Beyond survival curve fitting, mcm-rb incorporates mid-circuit process tomography to determine the physical nature of observed errors. By constructing the Pauli Transfer Matrix (PTM) $$R_{ij} = \operatorname{Tr}[P_i \mathcal{E}(P_j)] / 2$$, experimenters can diagnose:

• Ideal block-diagonal PTM: no cross-qubit influence; ancilla operators project to measurement subspace.
• Off-diagonal PTM elements: coherent crosstalk, Stark shifts, or collision-induced entangling dynamics.

Comparison of empirically reconstructed PTMs to analytical error models confirms and quantifies the dominant error processes.
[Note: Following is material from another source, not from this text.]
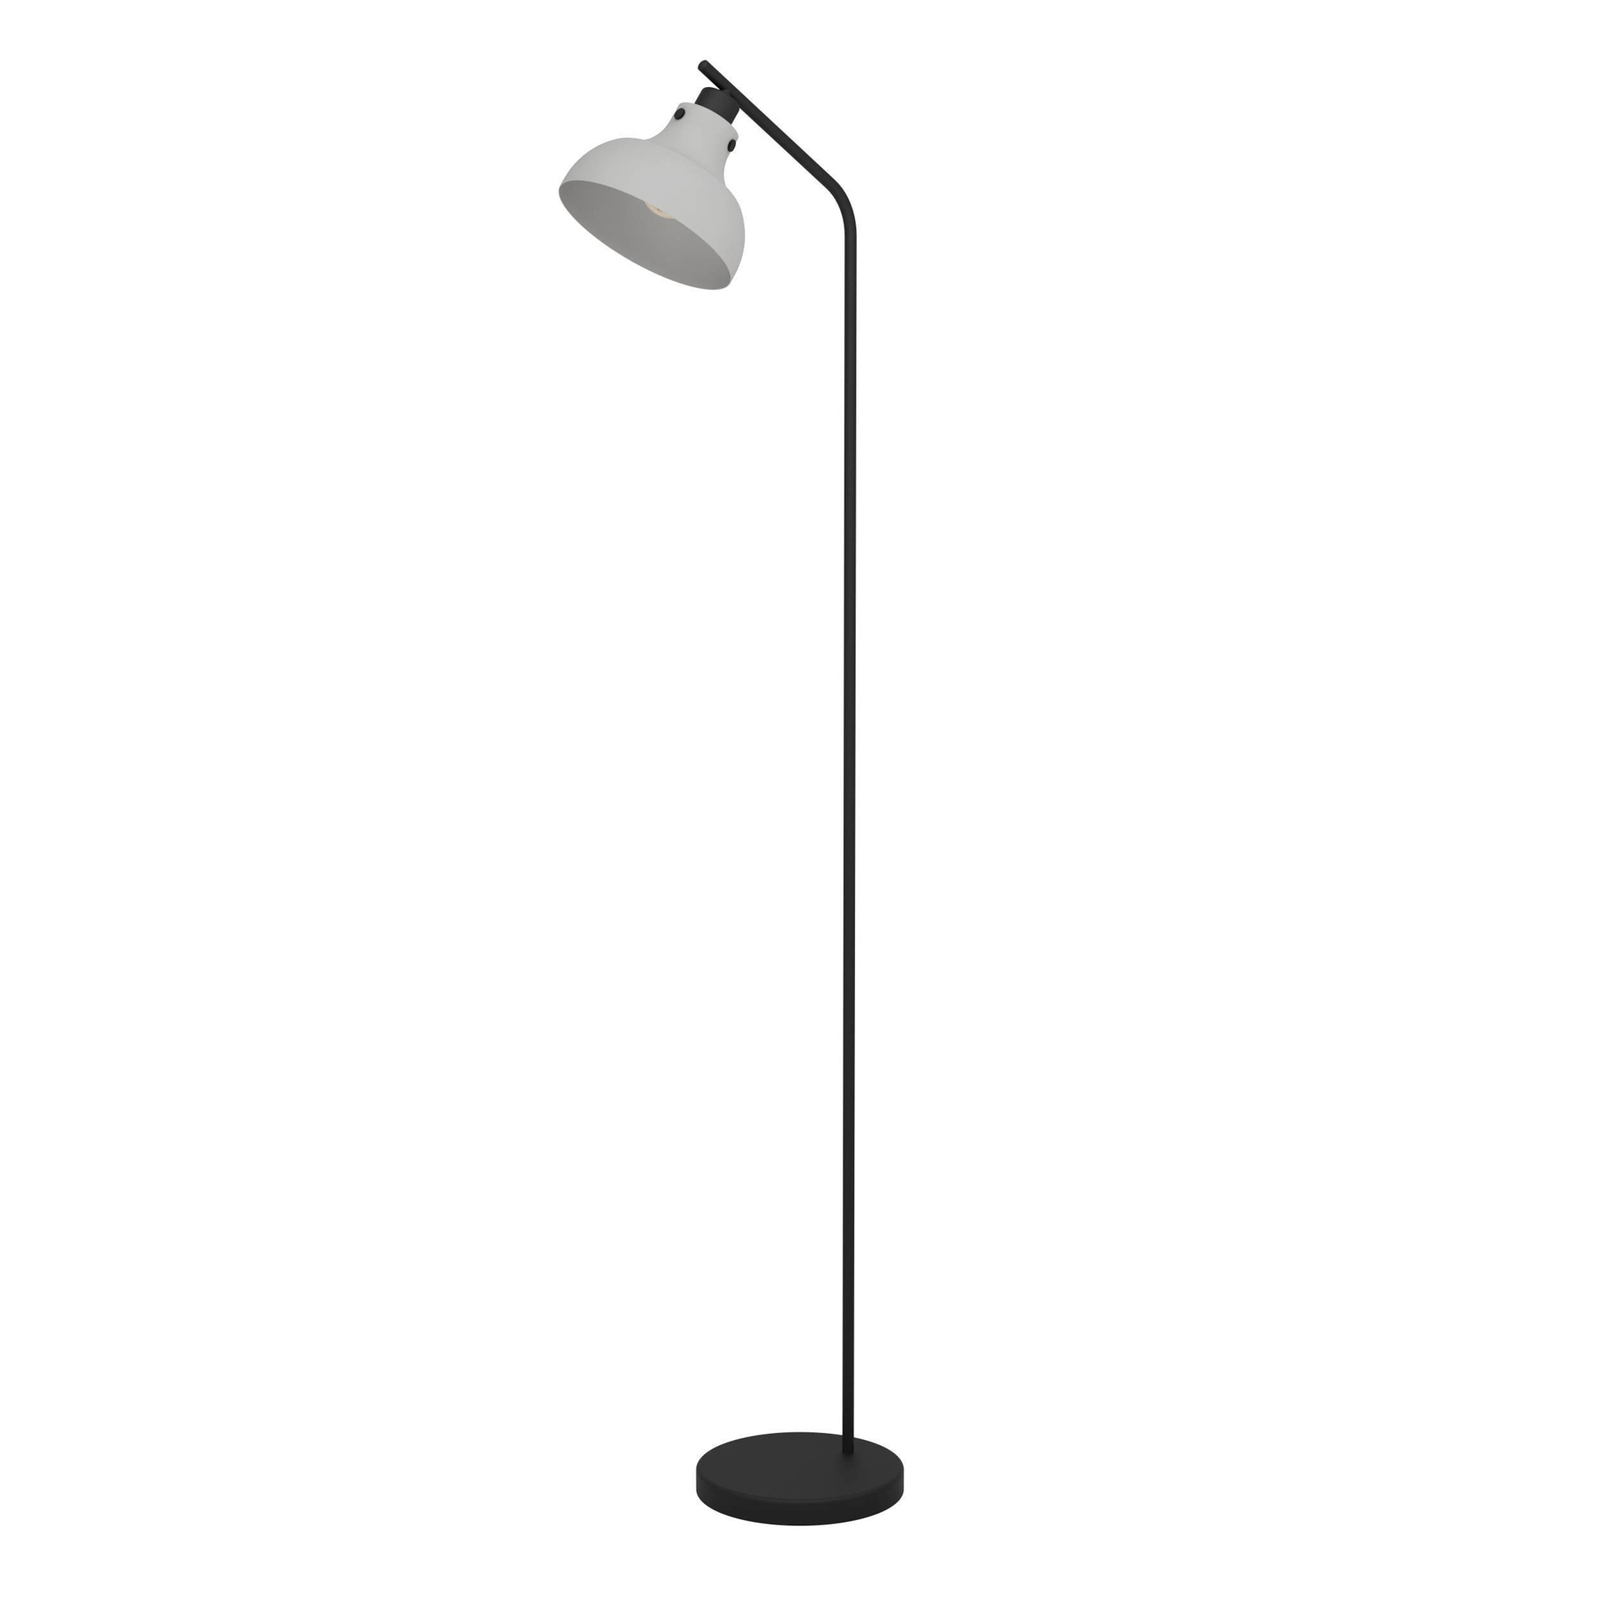 Matlock gulvlampe, høyde 158 cm, grå/svart

6. Scalability and Multi-Qubit Generalization

mcm-rb is directly extensible to benchmarking multiple device regions or concurrent ancilla-control pairs. By using independent random Clifford streams per control and parallel interleaved measurements per ancilla, one can efficiently extract error rates under scalable circuit loads. Infidelities are additive in the small error regime:

• Ancilla: total EPM scales linearly with the number of measurements.
• Control: total EPC comprises intrinsic gate infidelity and the sum of measurement-induced errors across all measured ancillas.

This modularity enables simultaneous characterization of spatially resolved measurement-induced error phenomena, crosstalk, and performance bottlenecks in large-scale quantum processors.

7. Significance in Quantum Device Characterization

The mcm-rb suite provides a rigorous, scalable, and experimentally feasible framework for quantifying the operational fidelity of mid-circuit measurements and their impact on both targeted and spectator subsystems (Govia et al., 2022). Its experimental design and analytical modeling rigorously distinguish measurement-induced infidelities from general gate processes, thus delivering actionable benchmarks for quantum hardware improvements. By integrating standard randomized benchmarking techniques with explicit treatment of mid-circuit measurements and cross-talk diagnostics, mcm-rb forms a key protocol for validating platforms aimed at fault-tolerant quantum computation and measurement-based quantum information processing.